* _Description of the task_:
Give the data again exactly as it appears, excluding any pictures.

* _Recorded data_:
Start of Block

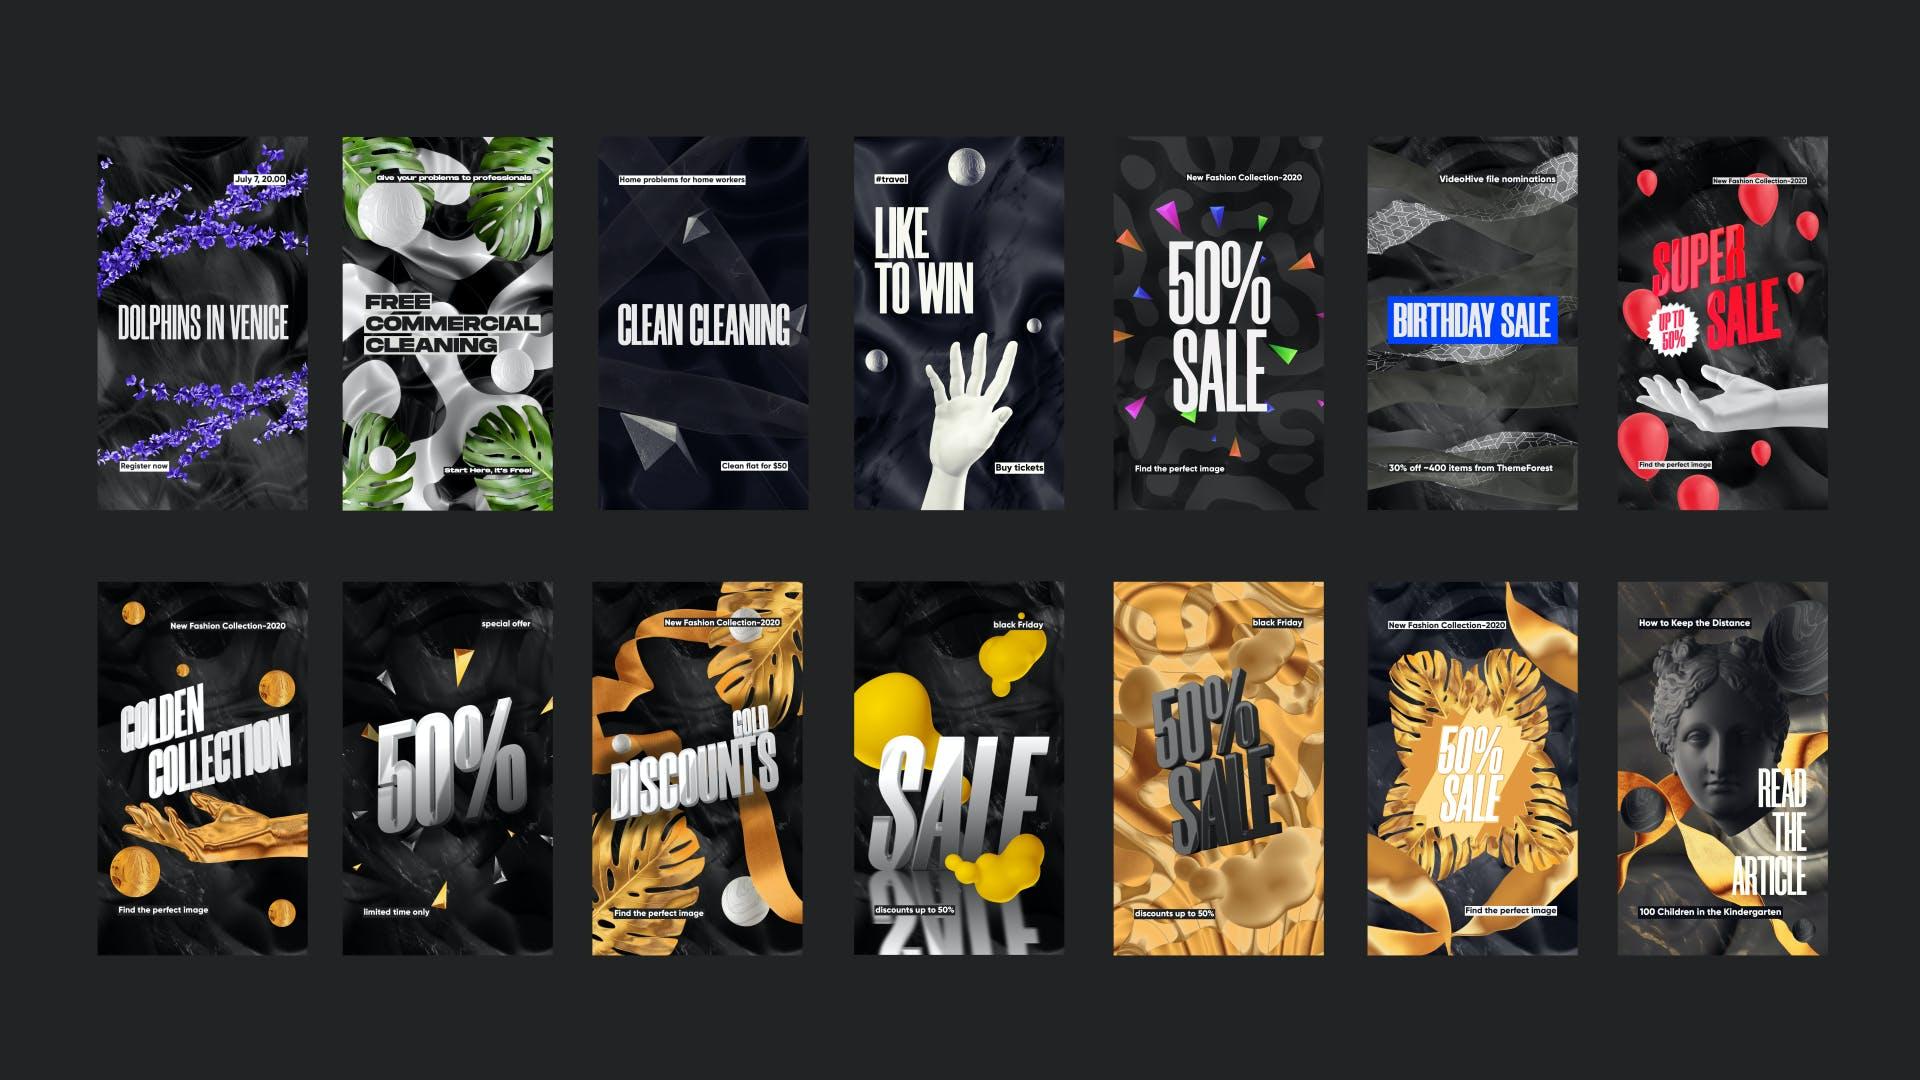 黑色高端品牌推广新媒体电商海报设计PSD模板 Sale Promotion Social Media Kit插图(2)
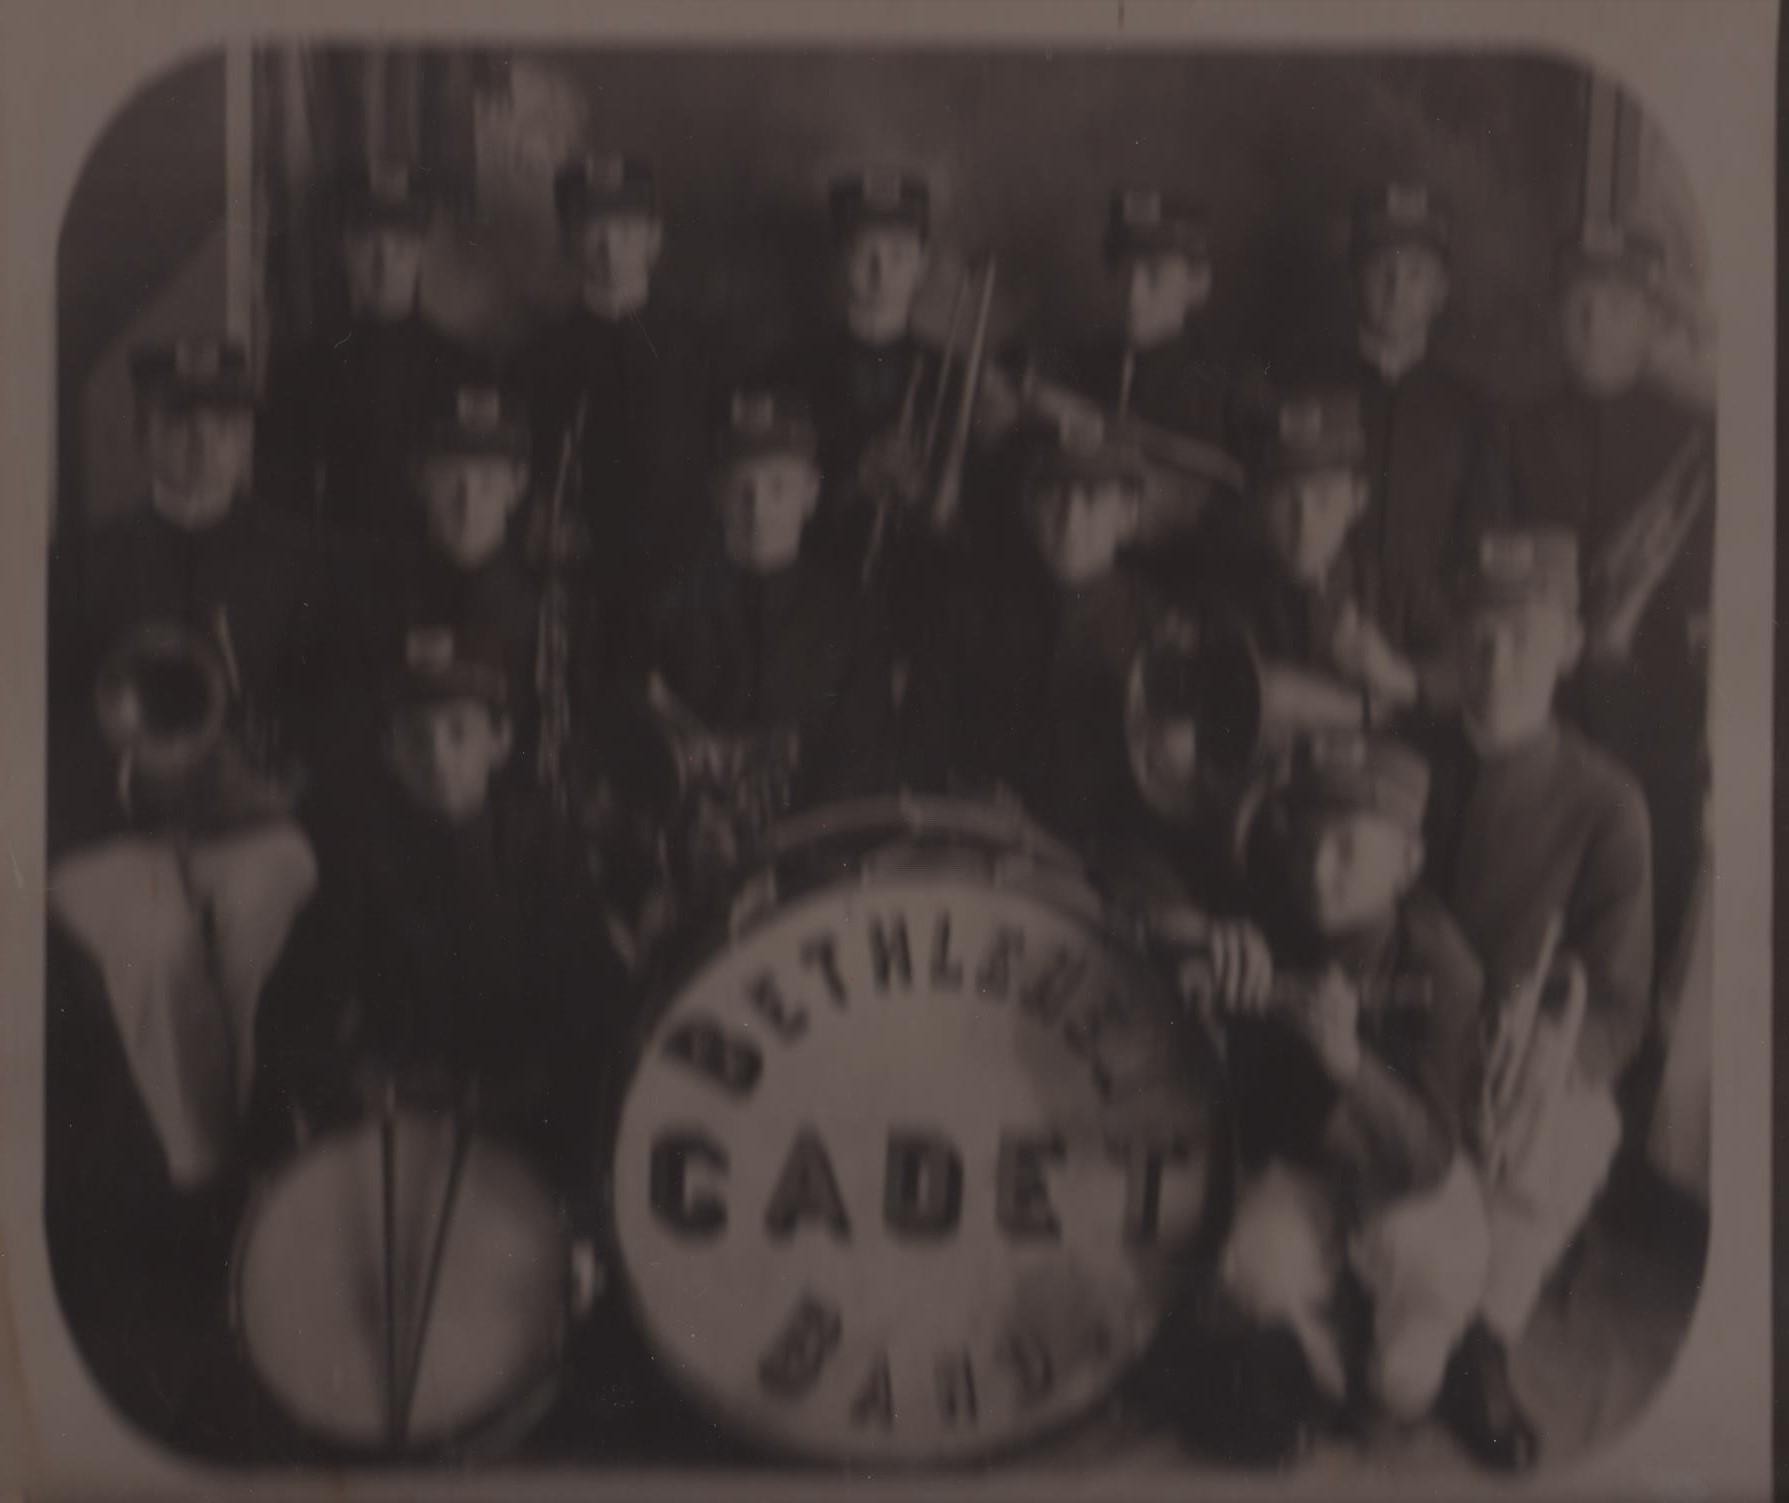 Bethlehem Cadet Band
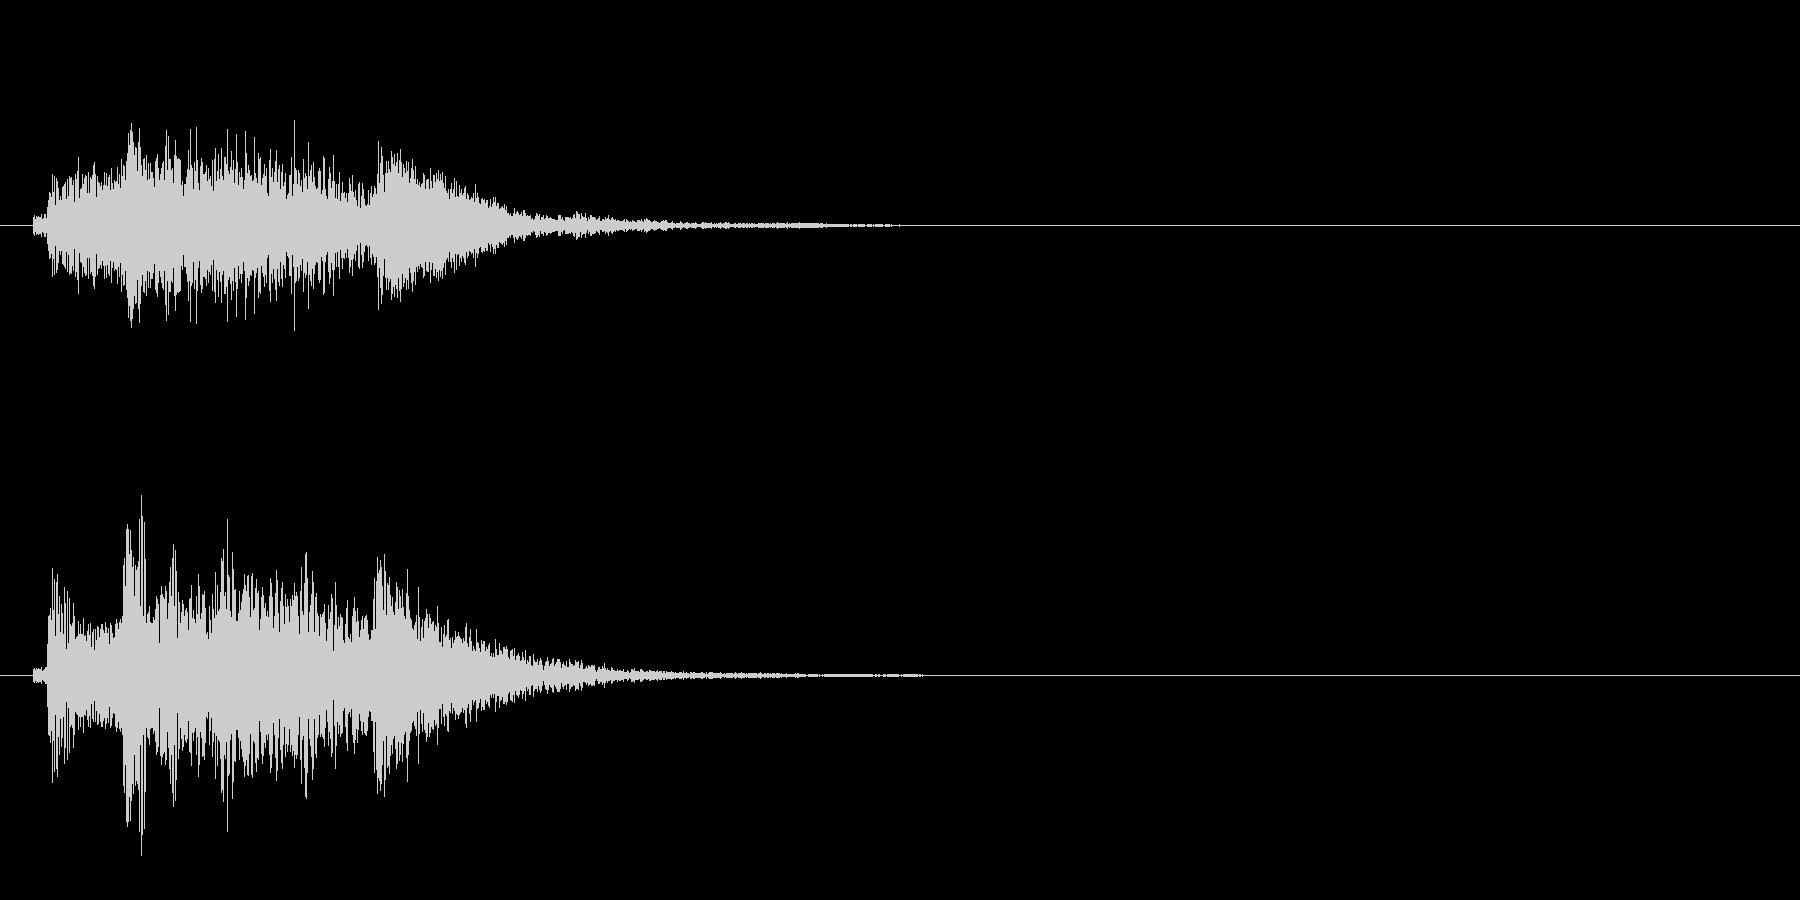 和風3 スタート音 豪華決定音の未再生の波形
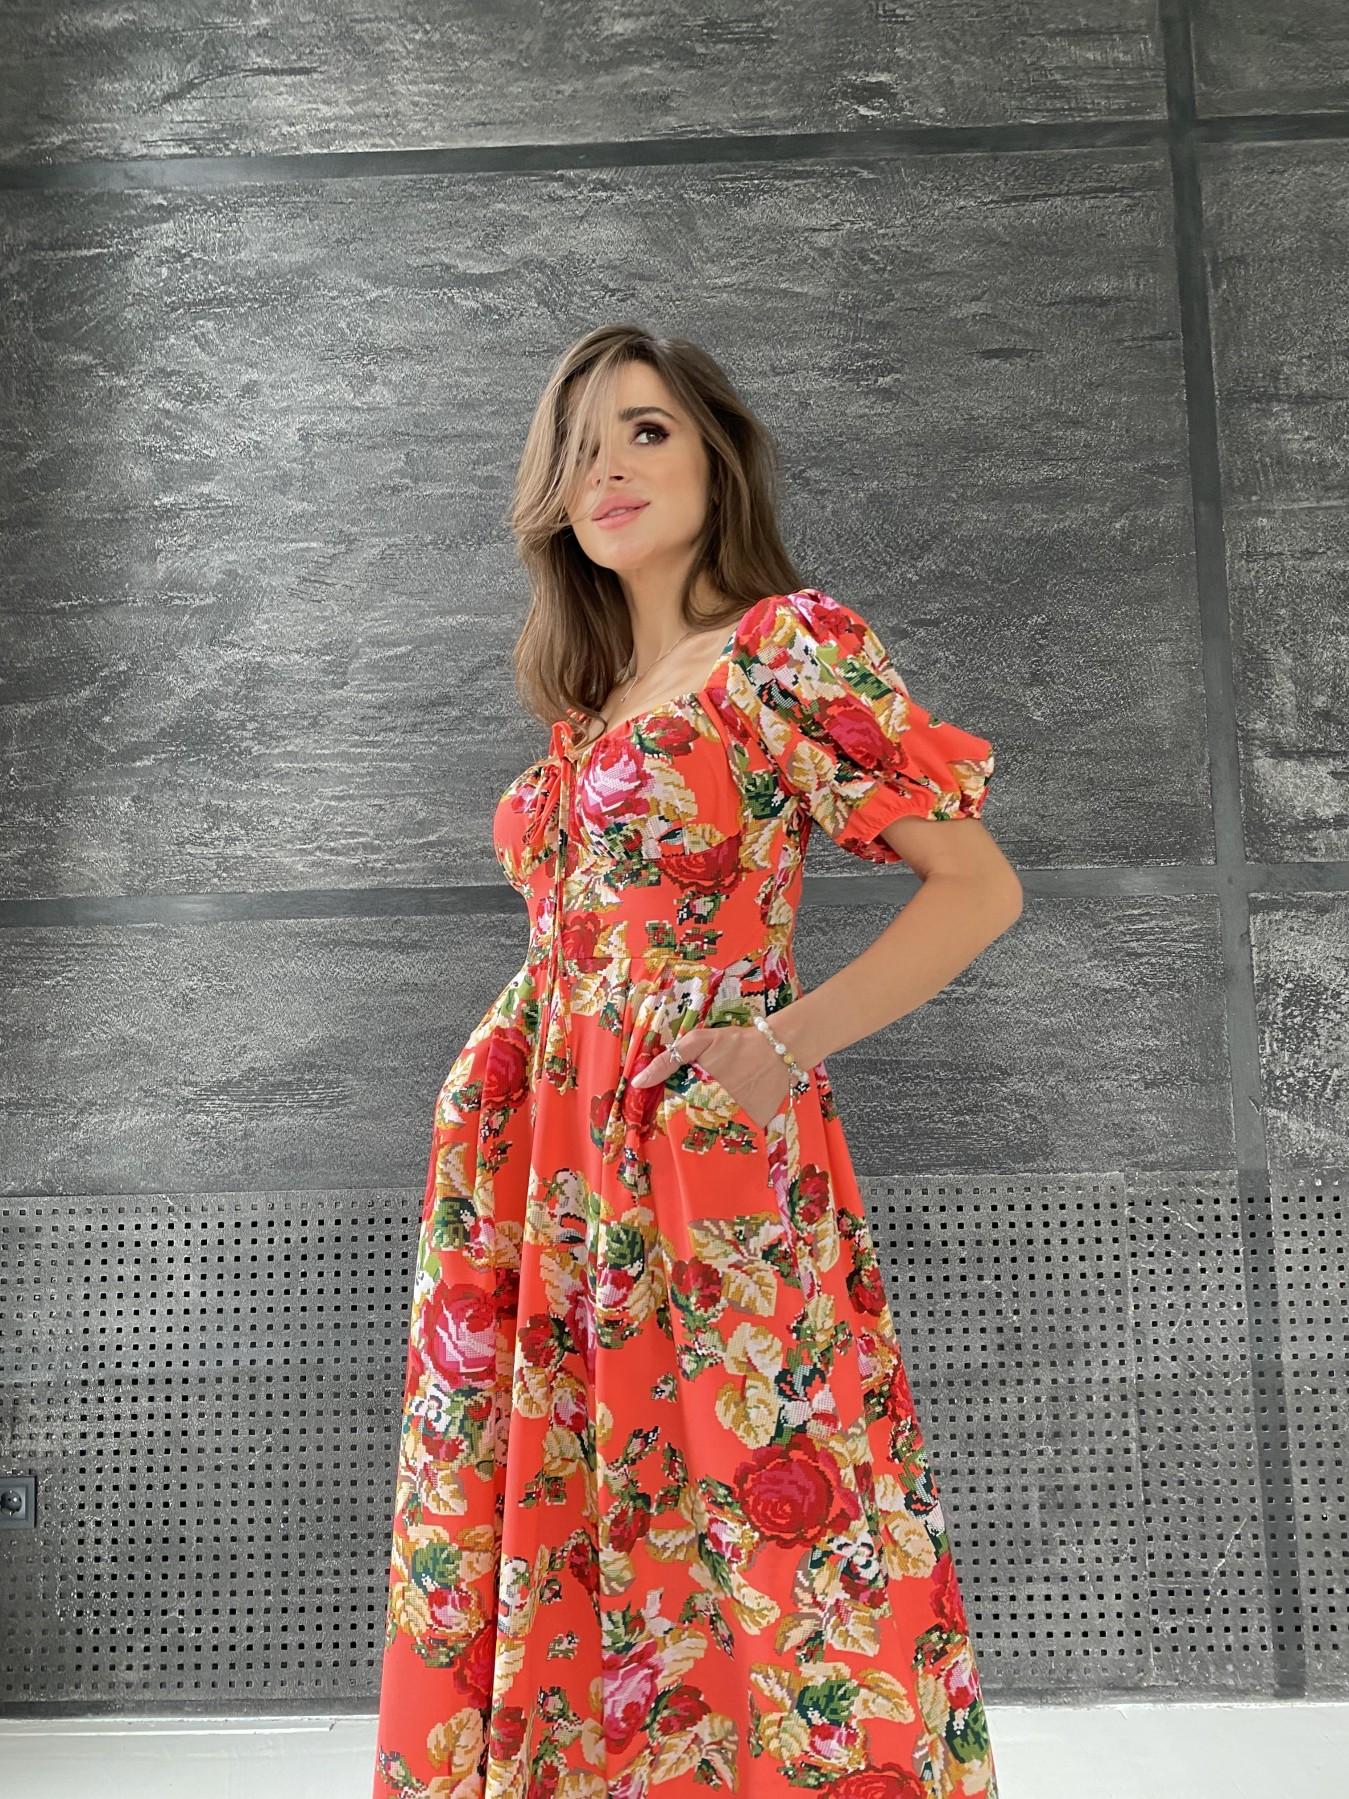 Кисес Миди платье из креп шифона в принт 11575 АРТ. 48316 Цвет: Коралл вышивка 4 - фото 7, интернет магазин tm-modus.ru

End of Block

* _Task output_:
 黑色高端品牌推广新媒体电商海报设计PSD模板 Sale Promotion Social Media Kit插图(2)
 Bethlehem Cadet Band
 和風3 スタート音 豪華決定音の未再生の波形
 Кисес Миди платье из креп шифона в принт 11575 АРТ. 48316 Цвет: Коралл вышивка 4 - фото 7, интернет магазин tm-modus.ru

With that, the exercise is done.